Step 3: Create a Take Orders console app

In this step, you'll create a .NET console application that generates orders and stores them in the queue.

  1. Open a command/terminal window.

  2. Create a development folder named hello-cloudwatch-alarms and CD to it.

  3. Run the dotnet new command below to create a console program named TakeOrders.

    dotnet new console -n TakeOrders
    

    dotnet-new-console.png

  4. Launch Visual Studio 2022 and open the PutOrders project.

  5. Add these NuGet packages to the project: AWSSDK.SQS and System.Text.Json.

    nuget.png

  6. Open Program.cs in the code editor and replace with the code below. The program will take a count from the command line and write that many orders to the orders queue, with a random collection of items.

    dotnet-run.png

  7. Save your changes and build the project.

Program.cs

using System;
using Amazon;

using System.Text.Json;
using Amazon.SQS;
using Amazon.SQS.Model;

namespace TakeOrders
{
    class Program
    {
        const string ORDER_QUEUE = "orders";

        static RegionEndpoint Region = Amazon.RegionEndpoint.USWest2;

        static AmazonSQSClient _client = null!;
        static string _queueUrl = null!;
        static Random _random = new Random();

        // Specify number of orders to create on the command line (default: 1)

        static async Task Main(string[] args)
        {
            var orderCount = args.Length > 0 ? Convert.ToInt32(args[0]) : 0;

            Console.WriteLine("Connecting to SQS");

            var config = new AmazonSQSConfig()
            {
                RegionEndpoint = Region
            };
            _client = new AmazonSQSClient(config);

            _queueUrl = await GetOrCreateQueue();

            if (orderCount > 0)
            {
                Console.WriteLine("Generating orders");
                for (int orderNo = 1; orderNo <= orderCount; orderNo++)
                {
                    var order = GenerateRandomOrder(orderNo.ToString());
                    Console.WriteLine($"Order {order?.Id}, {order?.Items.Count} items");
                    var message = JsonSerializer.Serialize(order);
                    Console.WriteLine(message);
                    await SendMessage(message);
                }
            }
        }

        // Create orders queue if it doesn't exist, and return queue URL.

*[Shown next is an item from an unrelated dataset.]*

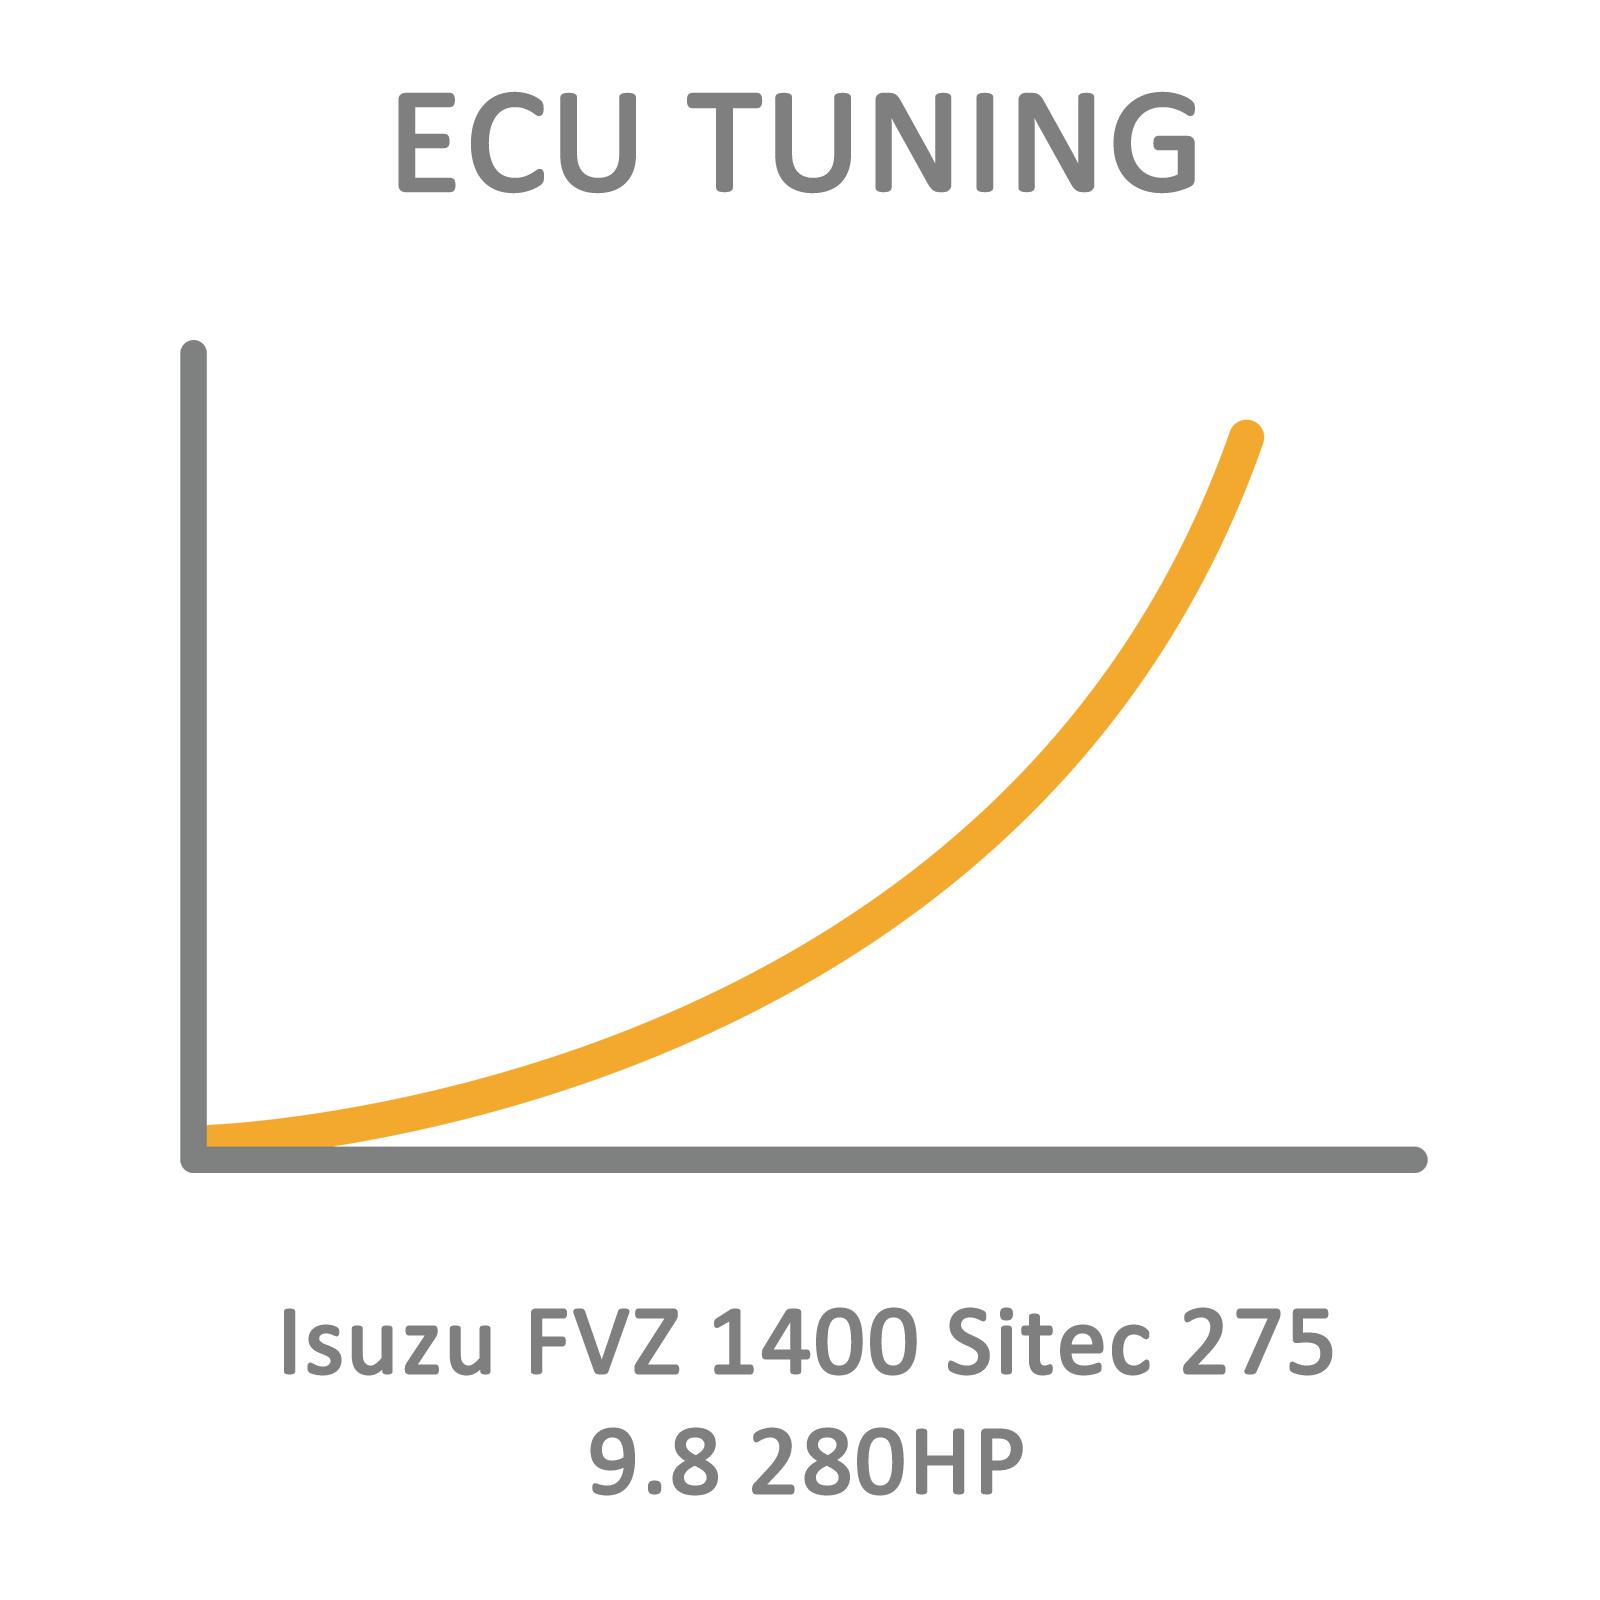 Isuzu FVZ 1400 Sitec 275 9.8 280HP ECU Tuning Remapping

        static async Task<string> GetOrCreateQueue()
        {
            string url;
            try
            {
                var getQueueUrlResponse = await _client.GetQueueUrlAsync("orders");
                url = getQueueUrlResponse.QueueUrl;
                Console.WriteLine("Orders queue exists");
            }
            catch (QueueDoesNotExistException)
            {
                Console.WriteLine("Creating orders queue");
                var createQueueRequest = new CreateQueueRequest()
                {
                    QueueName = ORDER_QUEUE
                };
                var createQueueResponse = await _client.CreateQueueAsync(createQueueRequest);
                url = createQueueResponse.QueueUrl;
            }
            return url;
        }

        static async Task SendMessage(string message)
        {
            var sendMessageRequest = new SendMessageRequest()
            {
                QueueUrl = _queueUrl,
                MessageBody = message
            };
            var sendMessageResponse = await _client.SendMessageAsync(sendMessageRequest);
        }

        static Order GenerateRandomOrder(string id)
        {
            var items = new List<string>();
            for (int i = 0; i < _random.Next(5) + 1; i++)
            {
                switch (_random.Next(5))
                {
                    case 0:
                        items.Add("Widget");
                        break;
                    case 1:
                        items.Add("Sprocket");
                        break;
                    case 2:
                        items.Add("Gasket");
                        break;
                    case 3:
                        items.Add("Washer");
                        break;
                    case 4:
                        items.Add("Spring");
                        break;
                }
            }

            Order order = new Order()
            {
                Id = id,
                Items = items
            };

            return order;
        }
    }

    public class Order
    {
        public string Id { get; set; } = null!;
        public List<string> Items { get; set; } = null!;

        public Order() { }

        public Order(string id, string[] items)
        {
            Id = id;
            Items = new List<string>(items);
        }

    }
}

Step 4: Run the TakeOrders program and test the SQS alarm

In this step, you'll run the TakeOrders program and test the alarm. Running TakeOrders will add messages to the orders queue. Since we haven't written a program to process orders yet, the messages will remain in the queue. After they age sufficiently, the alarm we created in Step 2 will enter the alarm state and send an email notification to your inbox.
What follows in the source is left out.